The market price of Acsys Common Stock could fluctuate as a result of various
factors, some of which are out of our control. Poor economic conditions,
volatility in the financial markets and changes in the accounting, financial
and information technology industries could cause the market price of our
Common Stock to fluctuate.
 
We may, in the future, experience significant quarter to quarter fluctuations
in our results of operations. Such fluctuations may result in volatility in the
price of our Common Stock. Quarterly results of operations may fluctuate if we
are unable or unwilling to lower our expenses to meet lower than expected
future revenues. Accordingly, we believe that period to period comparisons of
results of operations are not necessarily meaningful and that you should not
rely upon such comparisons as an indication of future results of operations.
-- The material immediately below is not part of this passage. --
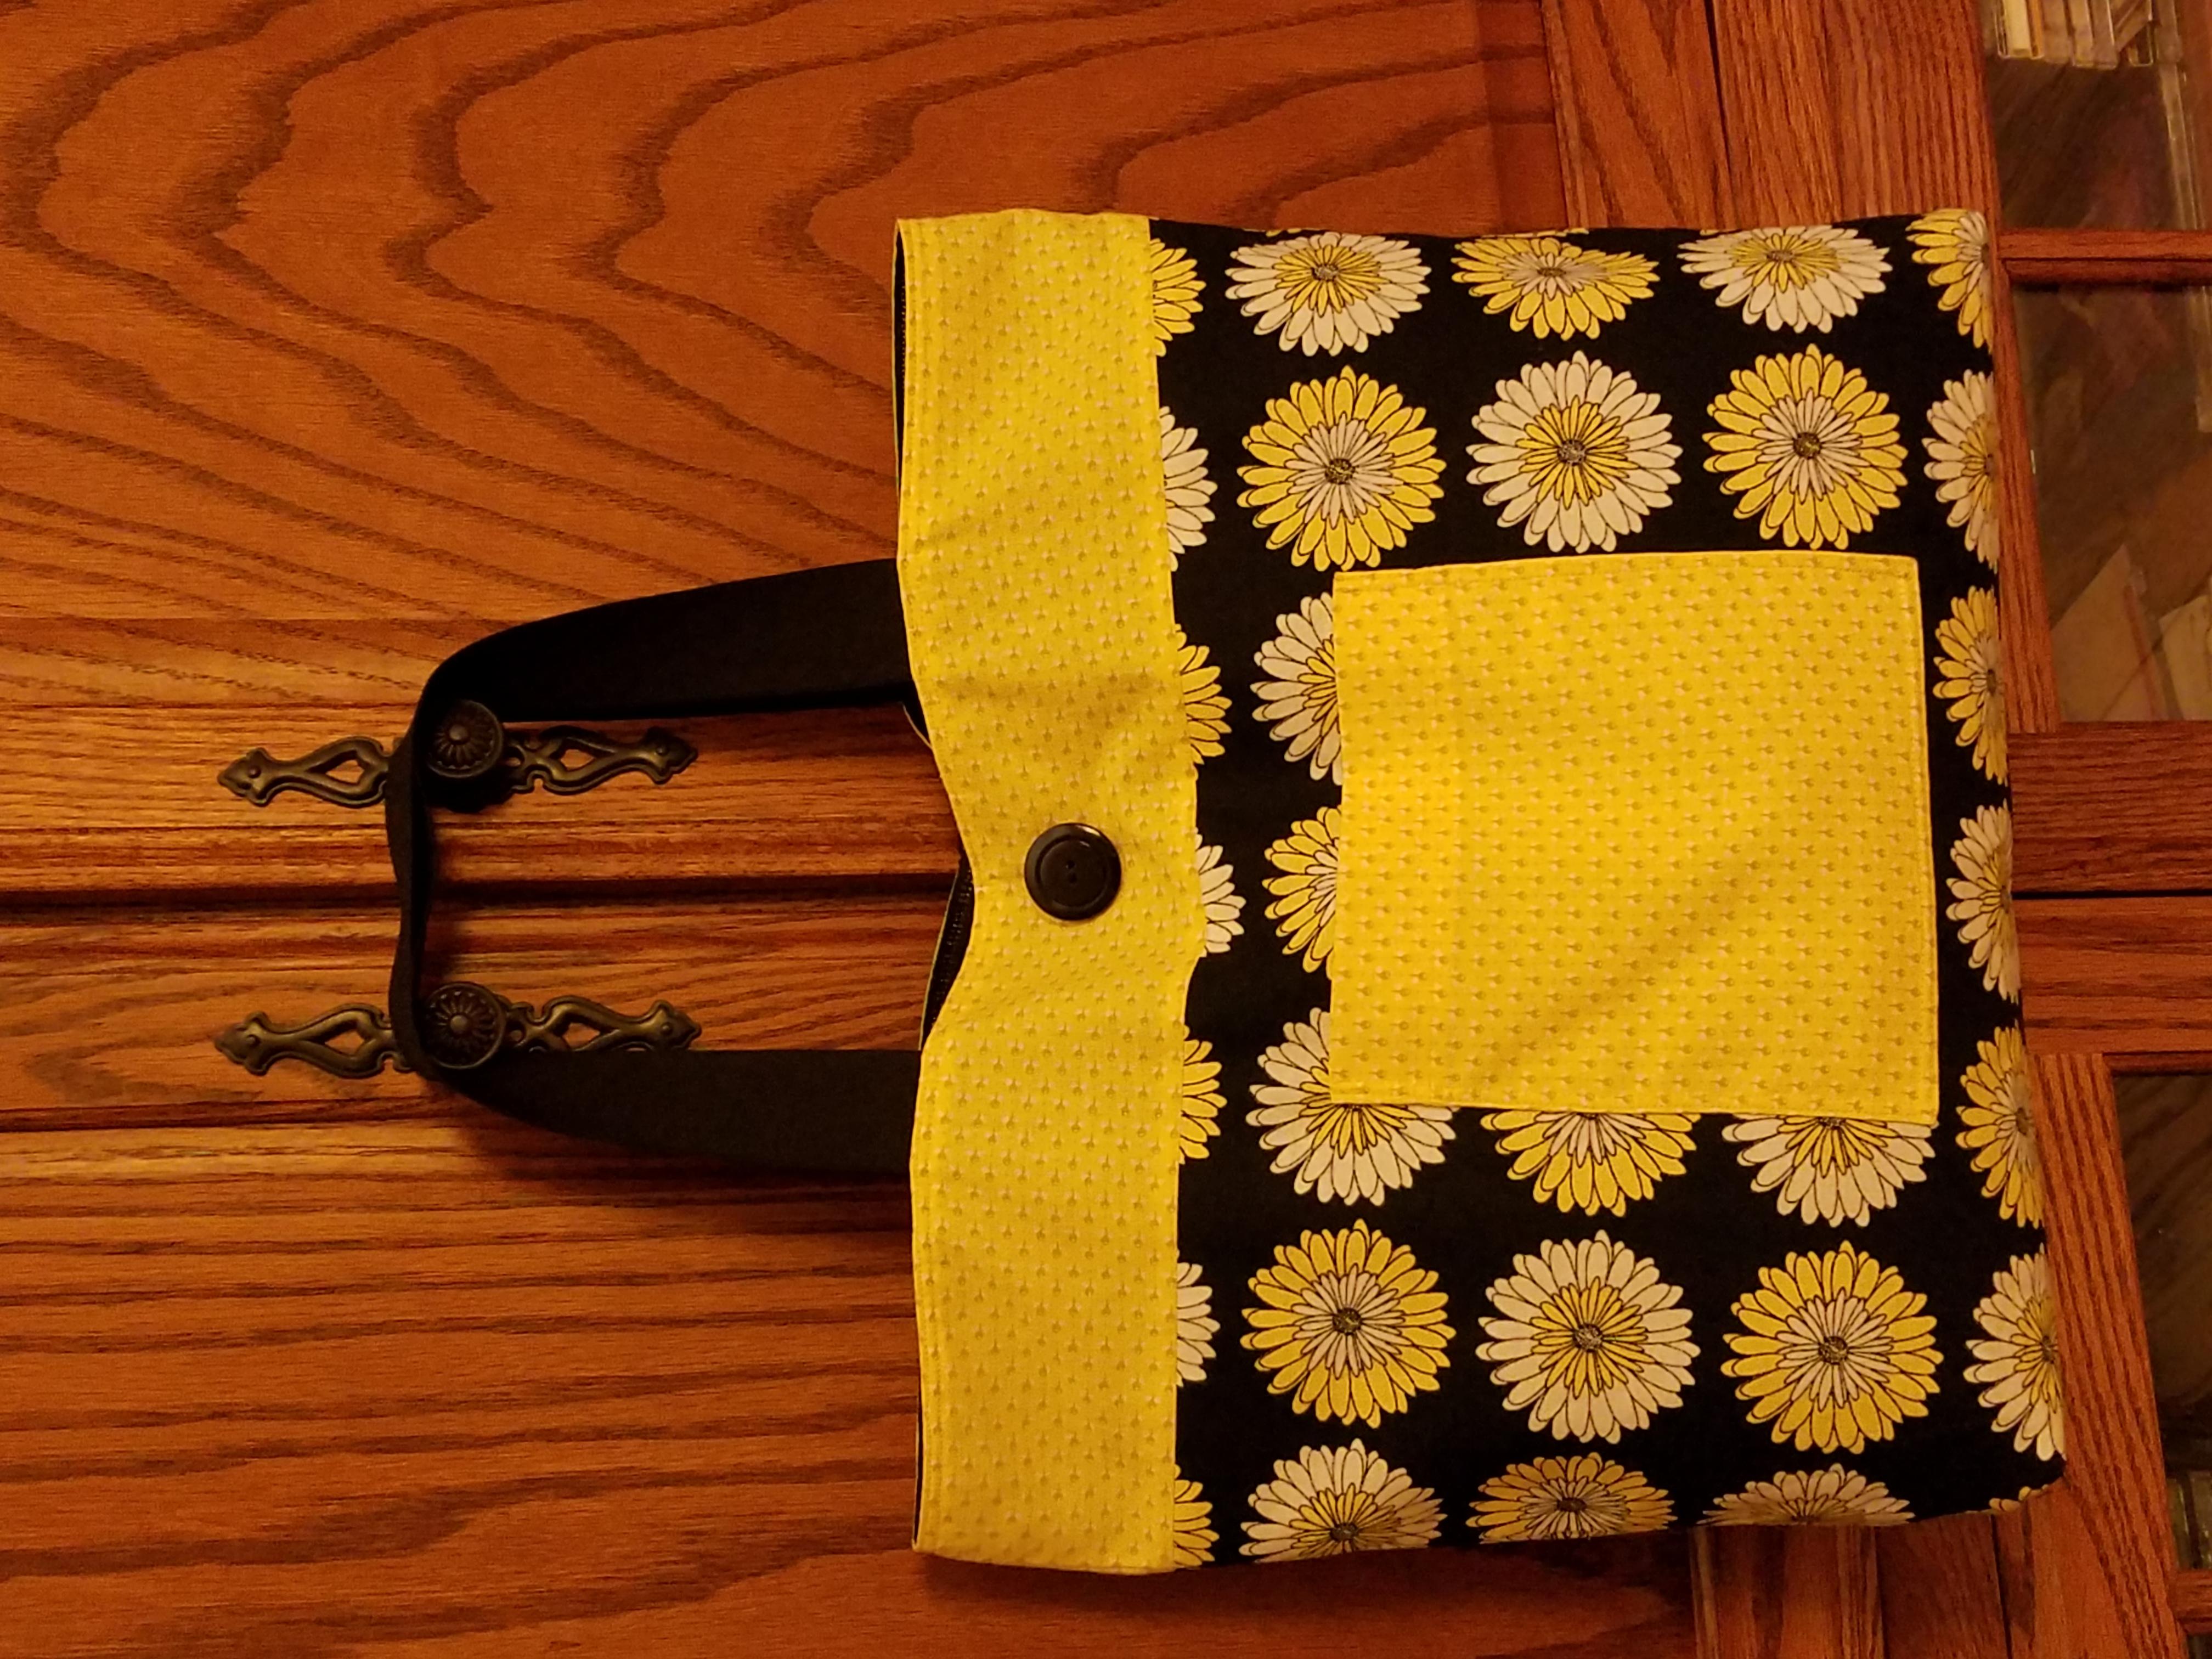 Daisy cotton purse / tote

Because of the foregoing, it is likely that in some future quarter our
operating results will be below the expectations of public market analysts and
investors. Such an event would probably have a material adverse effect on the
price of our Common Stock.
 
POTENTIAL EFFECT OF SHARES ELIGIBLE FOR FUTURE SALE ON PRICE OF COMMON STOCK
 
The market price of the Common Stock could drop as a result of sales of a large
number of shares of Common Stock or the exercise of options for Common Stock in
the market, or the perception that such sales or exercise of options could
occur. These factors also could make it more difficult for Acsys to raise funds
through future offerings of Common Stock.
 
 
                                       10
<PAGE>
 
As of November 13, 1998, there were 14,431,518 shares of Common Stock
outstanding. In addition, as of October 31, 1998, we had outstanding options to
purchase 2,000,269 shares of Common Stock. Of the outstanding shares, the
2,842,500 shares of Common Stock sold in the initial public offering are freely
transferable without restriction or further registration under the Securities
Act of 1933 as amended (the "Securities Act"). In addition, a total of 213,142
shares have been sold pursuant to Rule 144 and are now freely transferable. The
423,056 shares offered by the selling shareholders under this Prospectus will
be freely transferable. The remaining 10,952,820 shares of Common Stock
outstanding are "restricted securities" as defined in Rule 144. These shares
may be sold in the future without registration under the Securities Act to the
extent permitted by Rule 144 or an exemption under the Securities Act. When we
register the shares issuable on exercise of options, such shares will become
eligible for resale in the public market unless such resale is contractually
restricted. See "Management--1997 Stock Option Plan" and "Shares Eligible for
Future Sale."
 
SUBSTANTIAL OWNERSHIP BY MANAGEMENT
 
Currently, our executive officers and directors own approximately 33.8% of the
outstanding Common Stock. Accordingly, the executive officers and directors
will be able to influence the election of directors, the appointment of
management and the approval of certain actions requiring the approval of a
majority of Acsys' shareholders. Such concentration of ownership may have the
effect of delaying or preventing a change in control of Acsys. See "Management"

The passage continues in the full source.